Sermon for January 15, 2017 2nd of Epiphany “A Greater Task for You”

WWJD is an acronym that most of us are familiar with. What would Jesus do? It was a Christian fad sort of thing a decade or so ago. If we dig around a bit in “that drawer” many of us would find a bracelet or button or pin with WWJD on it.
I was reading this week and came across a story about WWJD from a youth’s perspective. The dilemma was that since she knew herself to be fully human, how could she begin to know the mind of the divine Jesus, let alone know what he would do.
The reading from John 1 is about John the Baptist and Jesus and the fact that John knew exactly who he was and what he was about. He was the one who pointed to Jesus and said “There is the Lamb of God who takes away the sin of the world. He is the one whom I said was coming”. Perhaps our role is not to be Jesus but to be ones who point to Jesus and say ‘there, in Jesus, is love and forgiveness and life abundant’.

So let’s start “in the beginning”. The first image in the Bible reveals a creative, compassionate God: “God’s Spirit hovered over the water” (Genesis 1:2). The word “hovered” is the same word used to describe a brood hen, lovingly watching over her young, warming the eggs and protecting the hatchlings. The Bible begins with clear hints of growth, development, and evolution. God is a dynamic creator, a verb more than a noun.

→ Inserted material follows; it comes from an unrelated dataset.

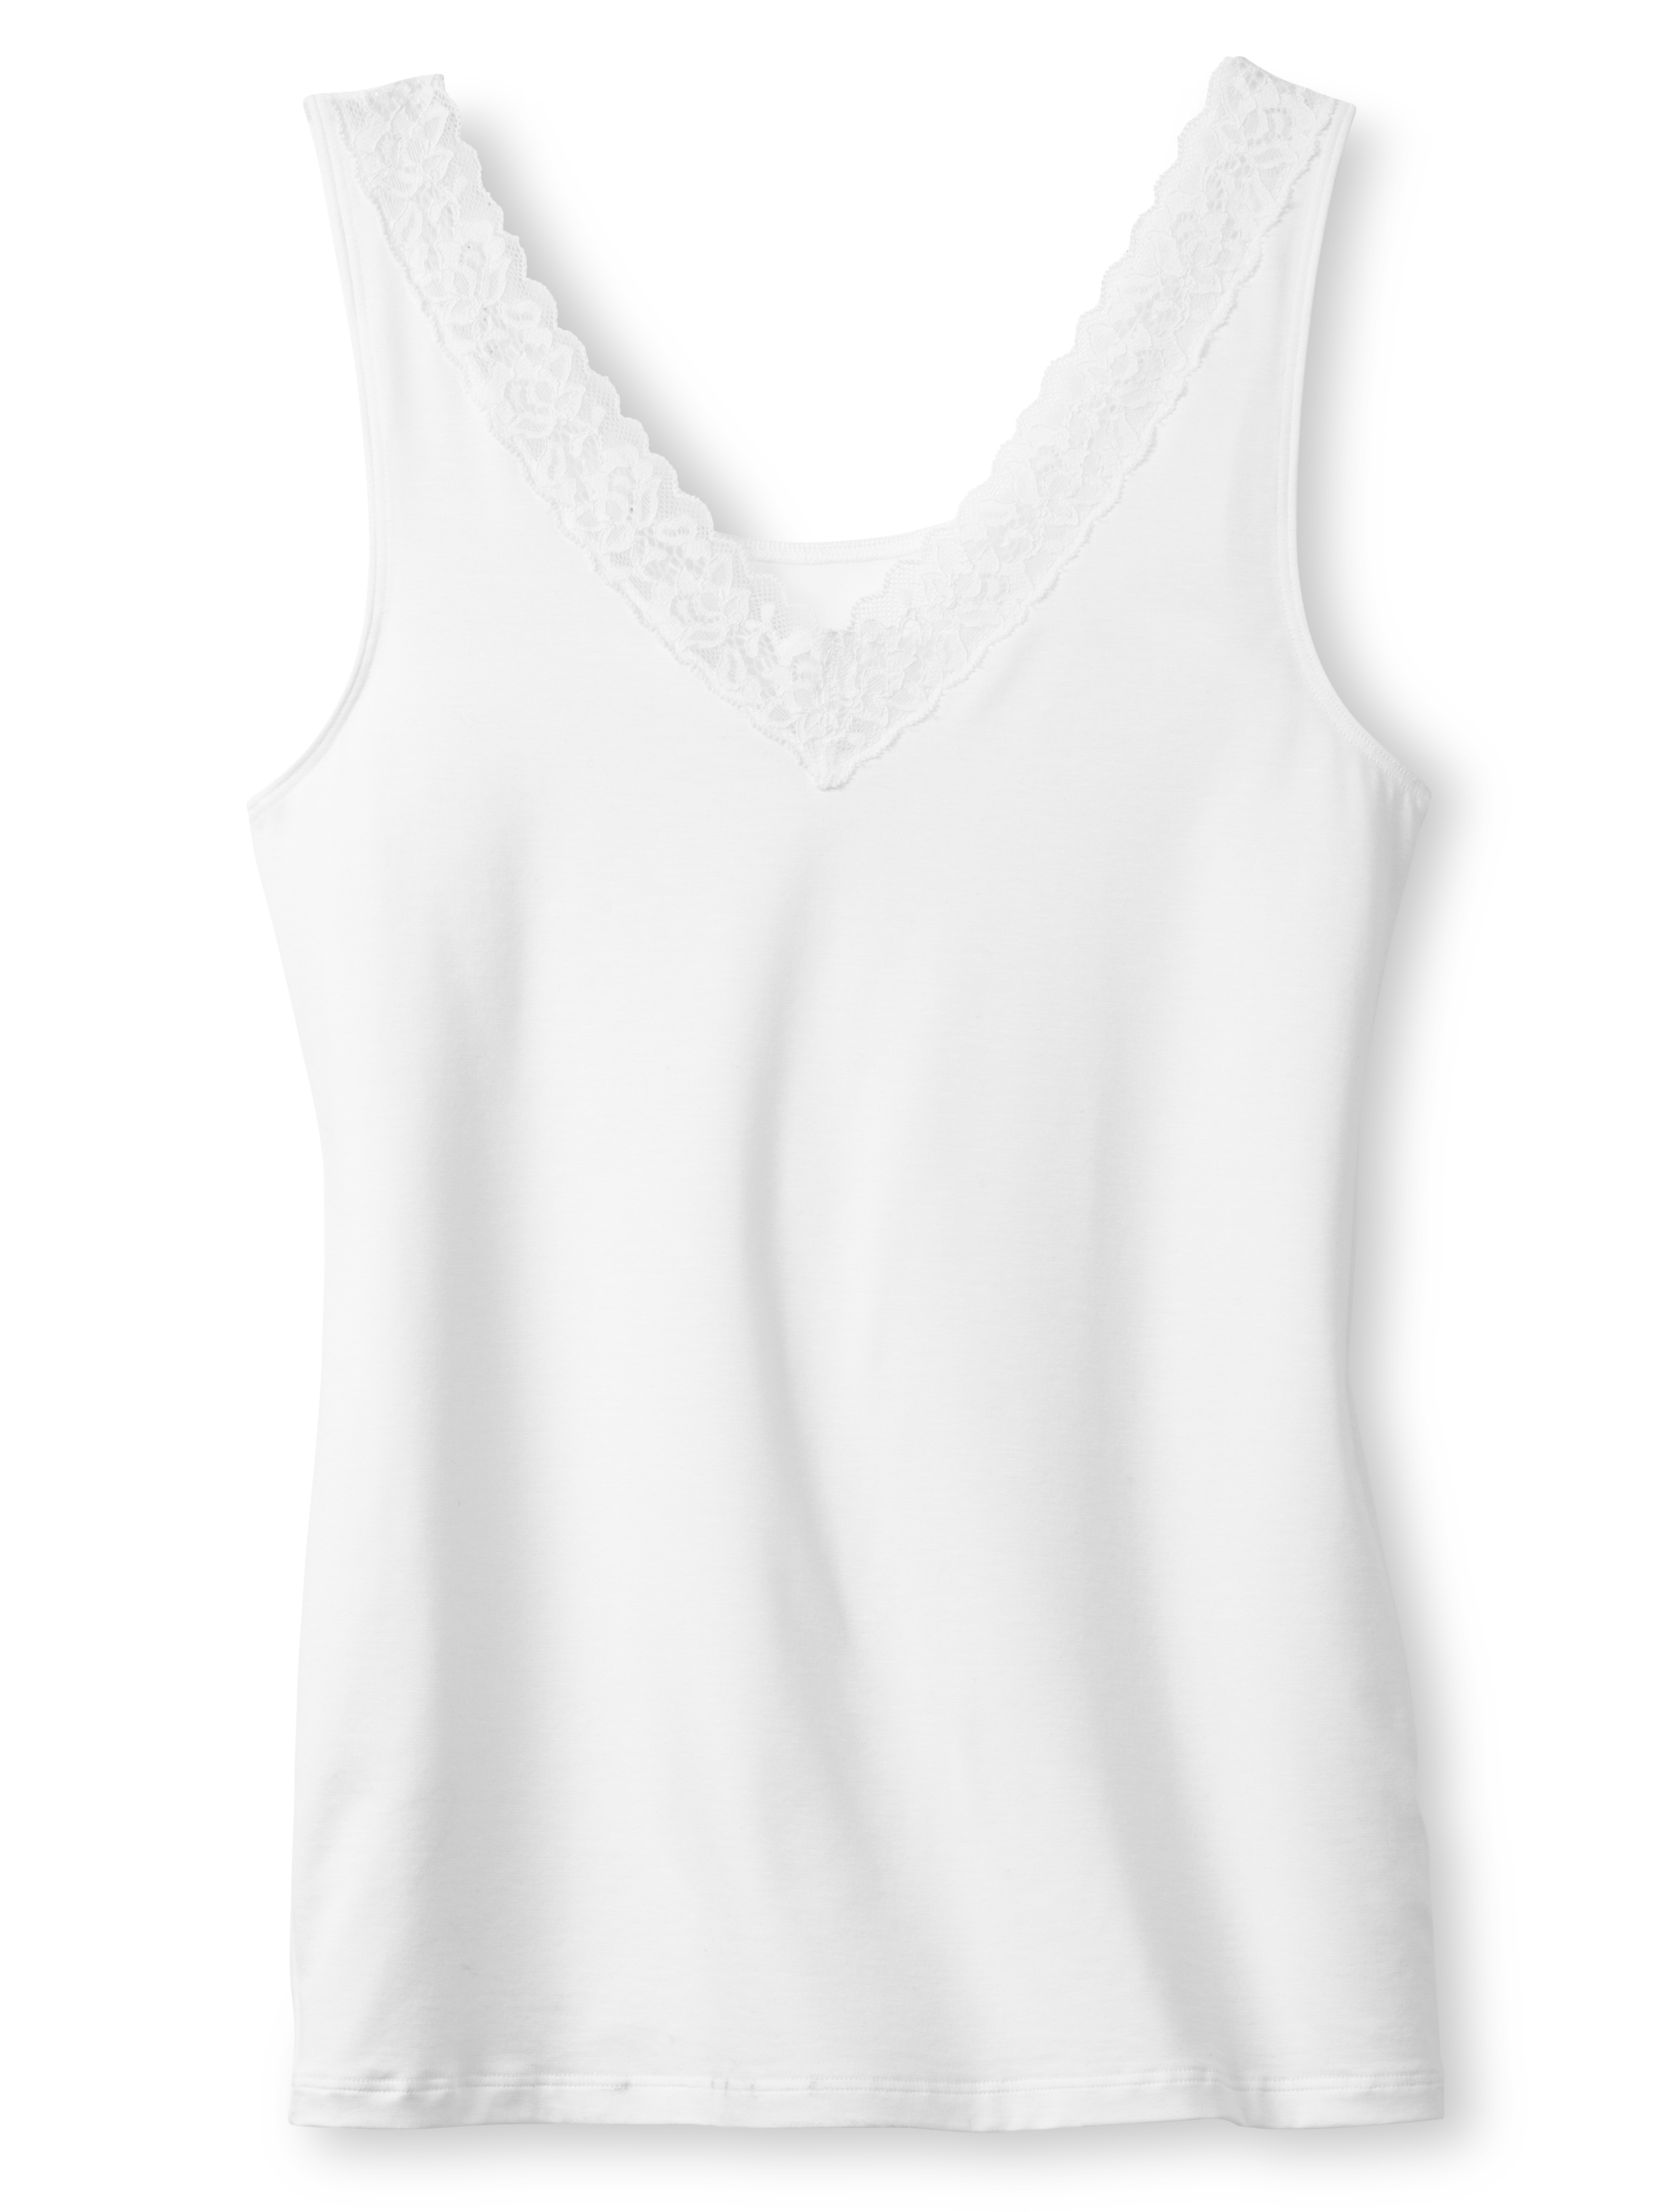 CALIDA Unterhemd »Natural Comfort Lace«, Tank-Top, Baumwoll-Top mit schöner Spitze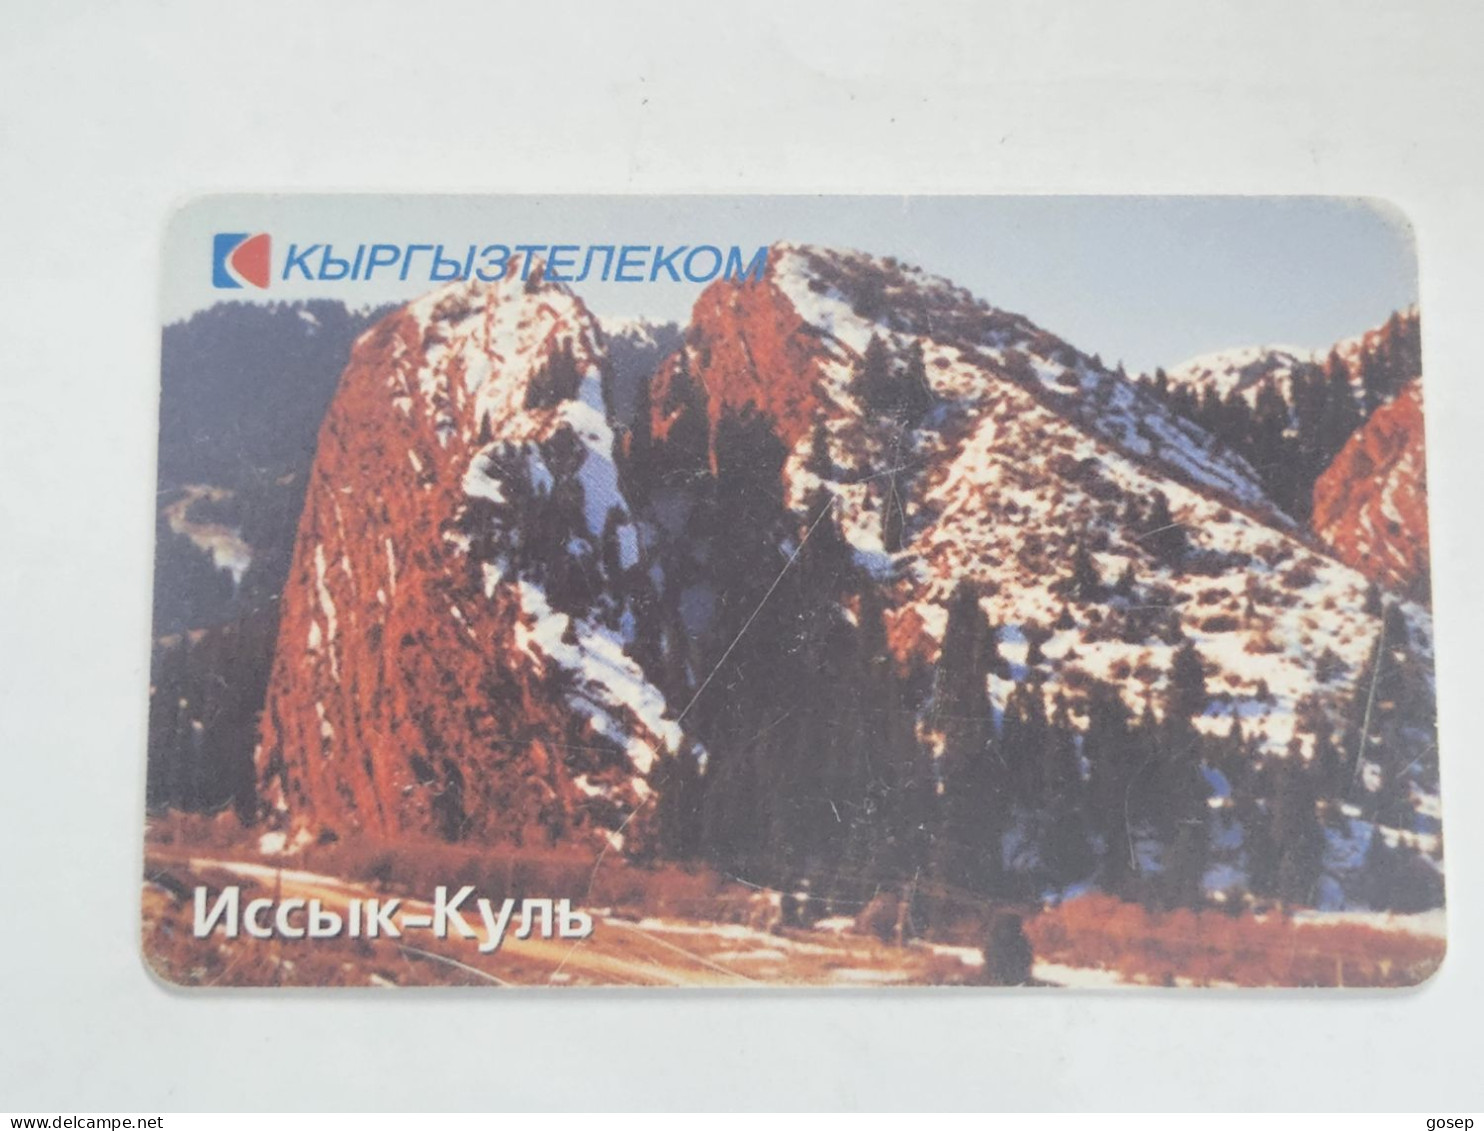 KYRGYZSTAN-(KG-KYR-0016)-lake Lssyk-kul3-(41)-(50units)-(00459719)-(tirage-10.000)-used Card+1card Prepiad Free - Kirghizistan

Looking at Creation in progress, “God saw that it was good” five times and “found it very good” after the sixth day (Genesis 1:10, 12, 18, 21, 25, 31). We all need to know that this wonderful thing called life is going somewhere and somewhere good. It is going someplace good because it came from goodness—a beginning of “original blessing” instead of “original sin.” Matthew Fox illustrated this rather well in his groundbreaking book, Original Blessing.
For some reason, most Christian theology seems to start with Genesis 3—which features Adam and Eve—what Augustine would centuries later call “original sin.” When you start with the negative or with a problem, it’s not surprising that you end with Armageddon and Apocalypse. When you start with a punitive, critical, exclusionary God, it’s not surprising that you see the crucifixion as “substitutionary atonement” where Jesus takes the punishment that this angry God intended for us.
That is not what most Christians believe. And this is not something the loving Jesus would do. Why did Jesus come? Jesus did not come to change the mind of God about humanity. It didn’t need changing. God has organically, inherently loved what God created from the moment God created it. Jesus came to change the mind of humanity about God.
As our image of God changes, our image of God’s creation, including ourselves, changes as well. Jesus shows us what it looks like for God to be incarnate in humanity. He holds together the human and the divine so that we might follow him and do the same. The full, vibrant life that Jesus offers is big enough to include even its opposite: death.
Teresa of Avila, a 16th century mystic wrote a letter to her order and in part it said:
“Christ has no body now on earth but yours, no hands but yours, no feet but yours, yours are the eyes through which to look out Christ’s compassion to the world; yours are the feet with which he is to go about doing good; yours are the hands with which he is to bless people now.”
No we cannot be Jesus or John the Baptist. But we can point the way and more importantly we can live a life in a way that honours a God and Jesus who have always and will always love us. We can live our life as if it is a verb, going someplace. And with the loving God of Creation, the Spirit the breaths life and Jesus who lovingly nudges us, we can know that each day and our destination will be good, very good.